Redis Introduce cpu_usage under CLUSTER SLOT-STATS, to query slot level cpu usage for Redis cluster

This issue is created to de-couple the cpu_usage implementation from the on-going discussion in slot level memory metrics in Introduce slot level metrics to Redis cluster #10472.

What are we introducing

High level changes

cpu_usage will be tracked and introduced under the to-be implemented CLUSTER SLOT-STATS command.

The cpu_usage is calculated by the already tracked duration, which is used to generate INFO commandstats section.

With the introduction of cpu_usage, Redis cluster users are able to identify hot-slots / hot-shards (in association with hot-slots) based on its cpu_usage.

Low level changes

Updated CLUSTER SLOT-STATS response is attached below.

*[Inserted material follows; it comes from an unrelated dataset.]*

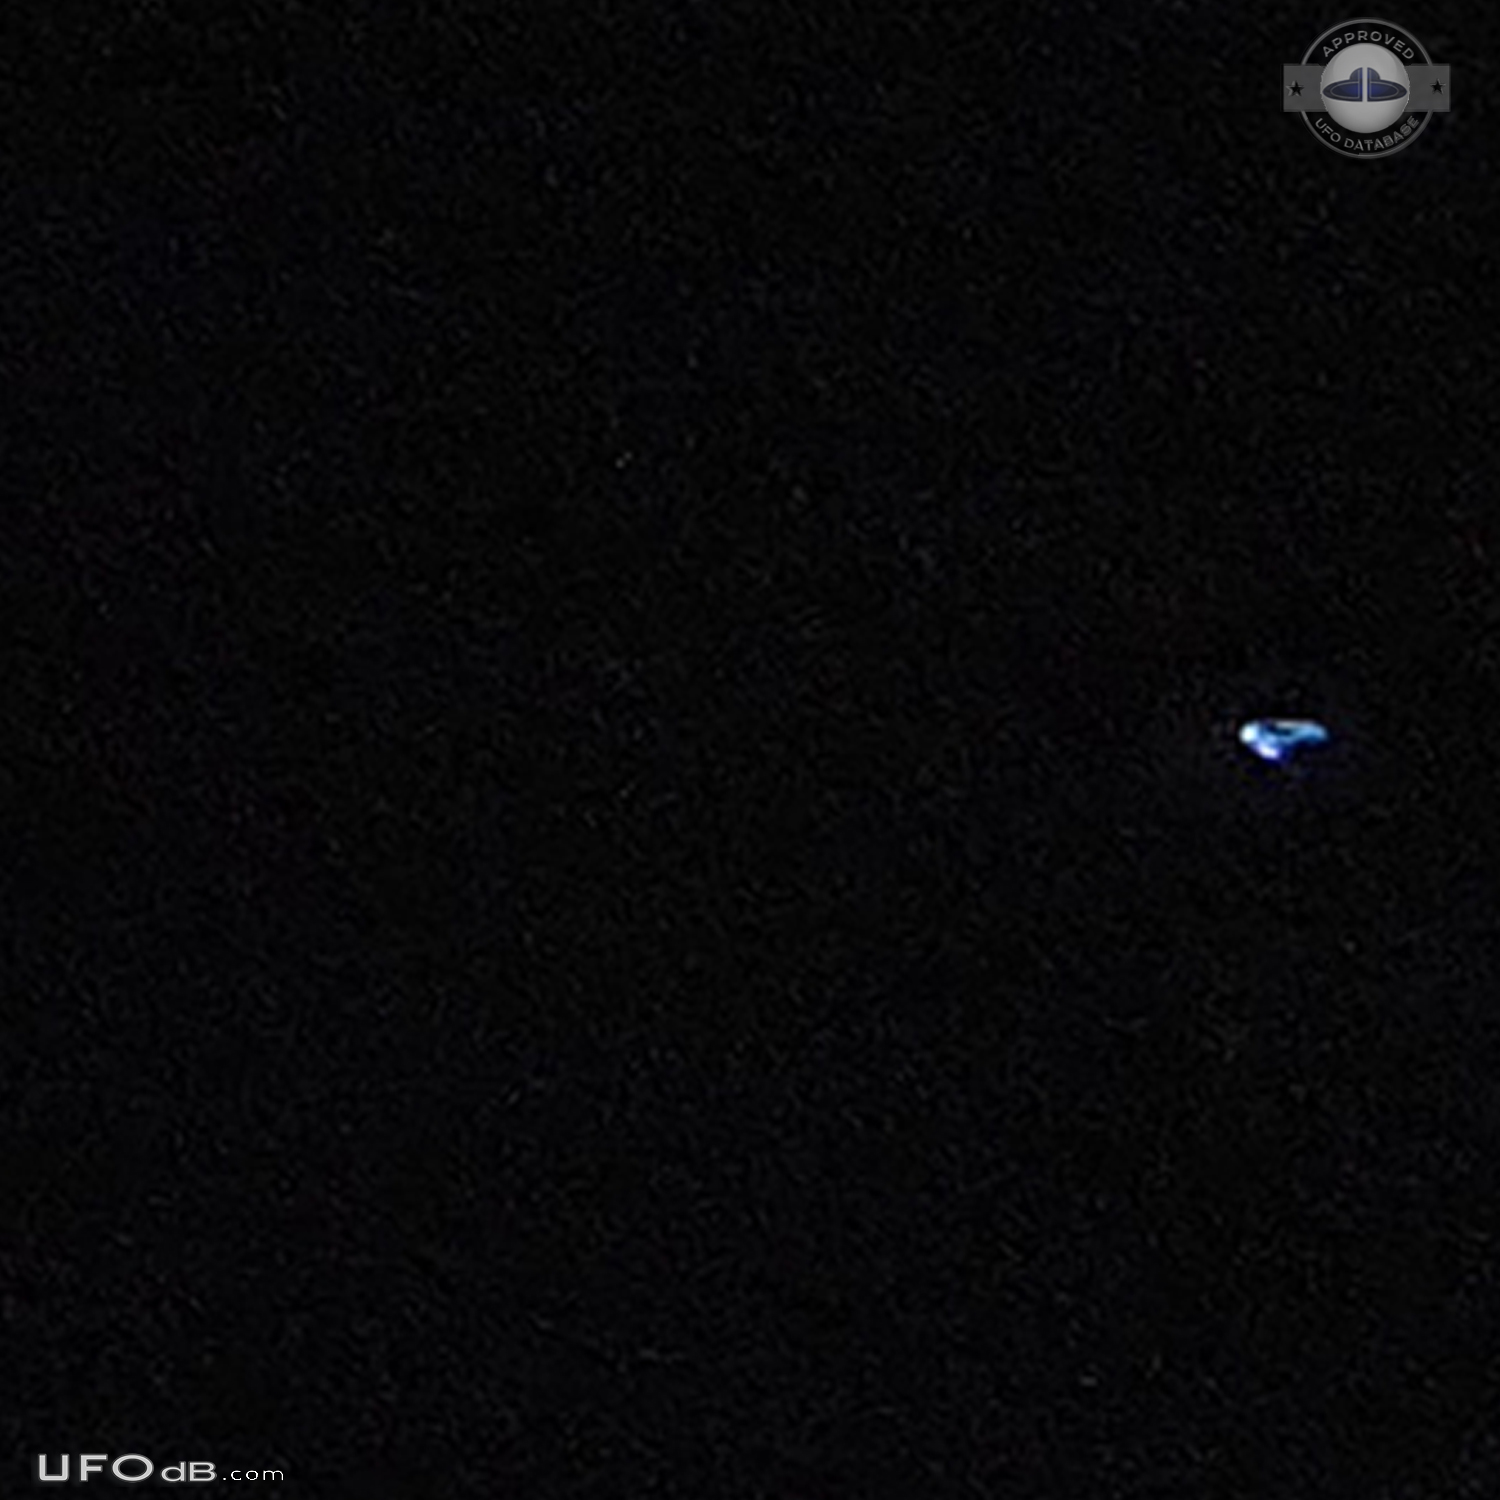 During meditation he discovered UFO appearing on the shot - Singapore  UFO Picture #794-3

127.0.0.1:6379> CLUSTER SLOT-STATS ORDERBY CPU_USAGE LIMIT 2 DESC
1) (integer) 16381
2) 1) "key_count"
   2) (integer) 2
3) 1) "cpu_usage"
   2) (integer) 1000
4) (integer) 0
5) 1) "key_count"
   2) (integer) 3
6) 1) "cpu_usage"
   2) (integer) 987

Implementation details

Based on the most recent update from the previous thread.

How is it accumulated?

For its initial release, we can leverage CPU time as a proxy unit for CPU utilization. There's already an existing measurement, named duration under call(), which is used to aggregate for an existing counter commandstats. The same value can simply be aggregated under slot level context.

How is it reset?

For its initial release, the accumulated value is reset upon either; 1. slot ownership change (either the slot is removed or newly added), or 2. CONFIG RESETSTAT command. This command already exists, with documentation link.

As for its future iterations, we could leverage trailing average as a better reset mechanism alternative. Even better, make the reset mechanism configurable, similar tomaxmemory-policy config.

Comment From: madolson

For its initial release, we can leverage CPU time as a proxy unit for CPU utilization. There's already an existing measurement, named duration under call(), which is used to aggregate for an existing counter commandstats. The same value can simply be aggregated under slot level context.

'Initial release' implies some type of future release might change CPU, I'm not sure we should do that. I'm okay with just having the cpu usage be the same as the cpu usage indicated in cluster metrics permanently.

Comment From: kyle-yh-kim

Understood. I'd like to tackle this in a different angle - naming convention.

Instead of using cpu_usage, which encapsulates broad utilization of cpu, perhaps it is better to rename as cpu_time.

This way, we achieve the following; 1. Add extensibility towards future cpu metrics as new metrics can be created under cpu_{insert_your_metric_name} namespace, without backward compatibility concerns. 2. Remove ambiguity on "What is cpu usage measured by?"